Spending gains were widespread with the exception of sporting goods and department stores. Big-box discounters’ sales did much better than traditional department stores’, which anyone who went into one last month noticed.

Sales increases were strongest for online spending and building materials stores. That reflects the shift from bricks to clicks, repairs following the severe fires in California and an emerging boom in remodeling. A dearth of move-in quality houses for sale has forced many buyers to invest in properties that need a lot of work. This is at the same time that many existing homeowners are opting to add on instead of trading up in a market with little selection and escalating prices. Home values have continue to rise nearly three times the pace of overall inflation.

We spent more on eating and drinking out, part of the strength we’ve seen in travel spending. Consumers were able to afford to travel to and away from their families during the holiday season. The only glitch was heavy storms during the first week of January, which likely delayed some vacationers from returning home. Most of those losses were recouped as the storms abated, particularly in the South.

December’s Consumer Price Index (CPI) rose 0.1%, slightly weaker than expected. Year-over-year gains moderated by 0.1% to a 2.1% pace. That was the primary reason for the moderation in overall inflation. We expect the drop in energy prices to reverse as we move into January.

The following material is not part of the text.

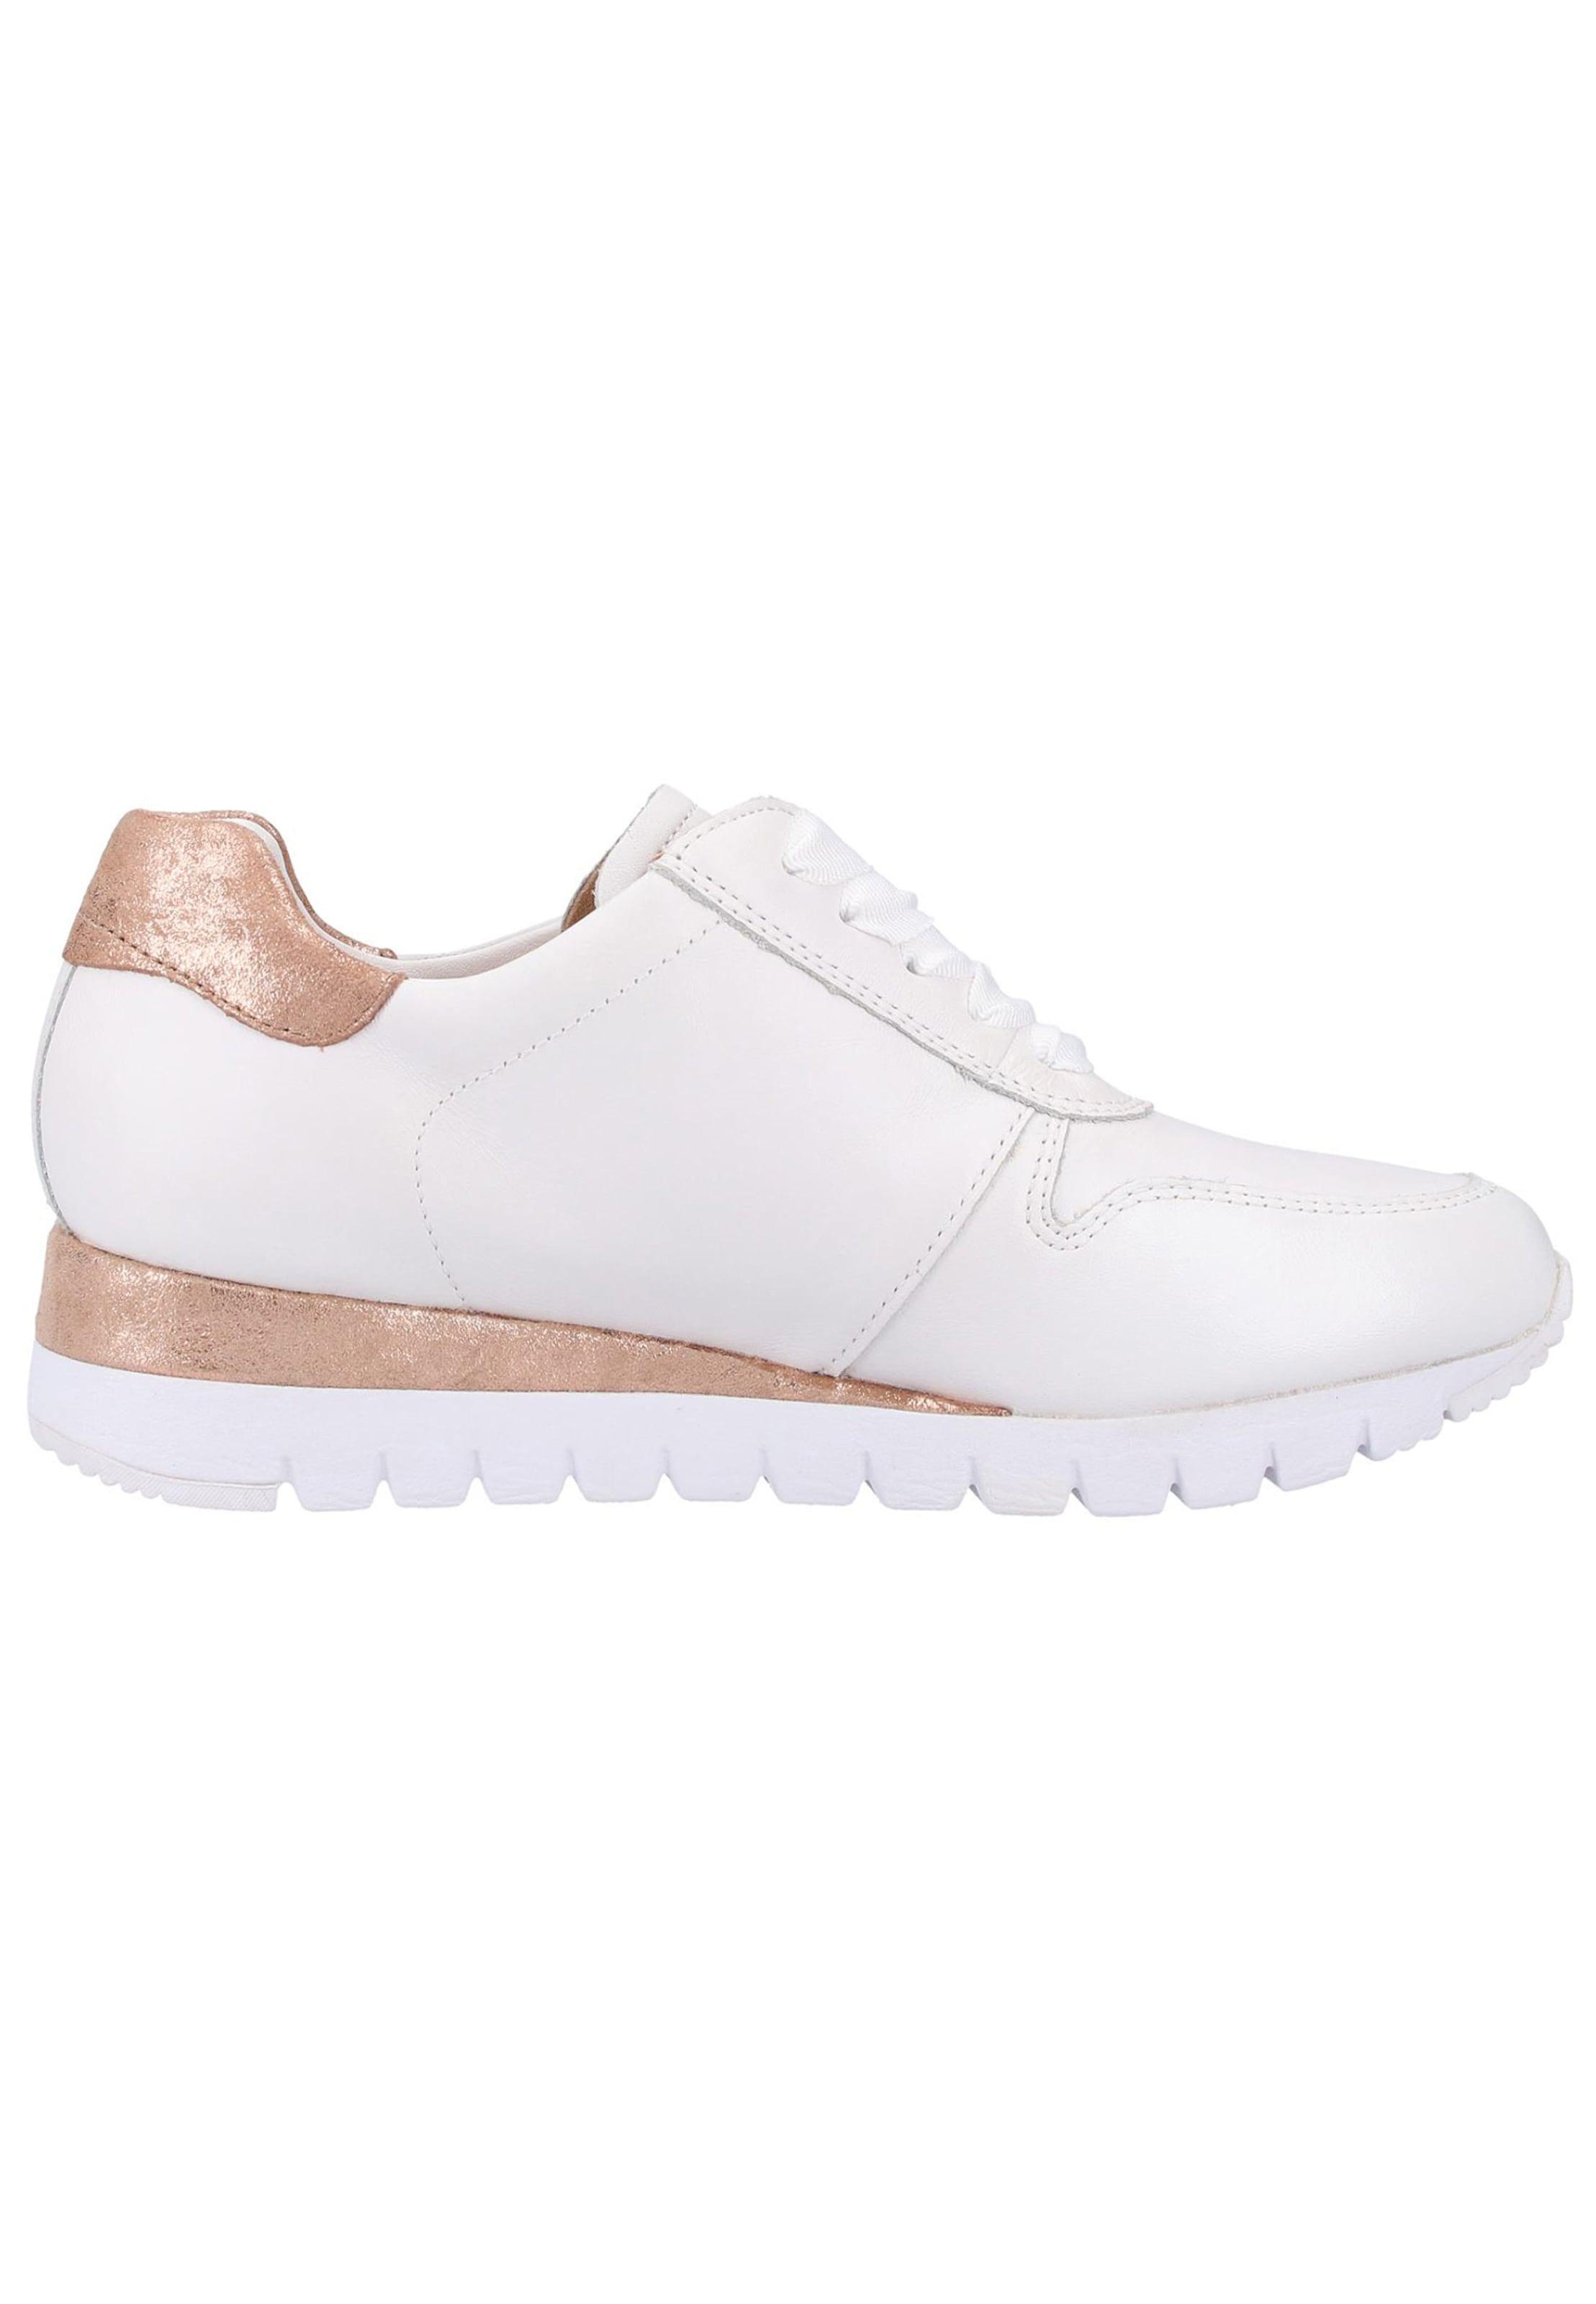 Sneaker Sneaker RosegoldWeiß RosegoldWeiß Sneaker In In RosegoldWeiß Caprice Caprice Caprice In Sneaker In Caprice dshrBoCQtx

Core CPI (excluding food and energy) rose 0.3%, slightly more than expected. Year-over-year gains edged up 0.1% to 1.8%. That is welcome news to many on the Federal Reserve who are looking for a warming trend in inflation. They watch core inflation closely, as it is the best predictor of overall inflation.

Notable increases in the core measures of inflation included prescription drug prices and the cost of vehicle insurance. (Damages created by last year’s hurricanes and devastating fires will be pushing up insurance costs for all of us.)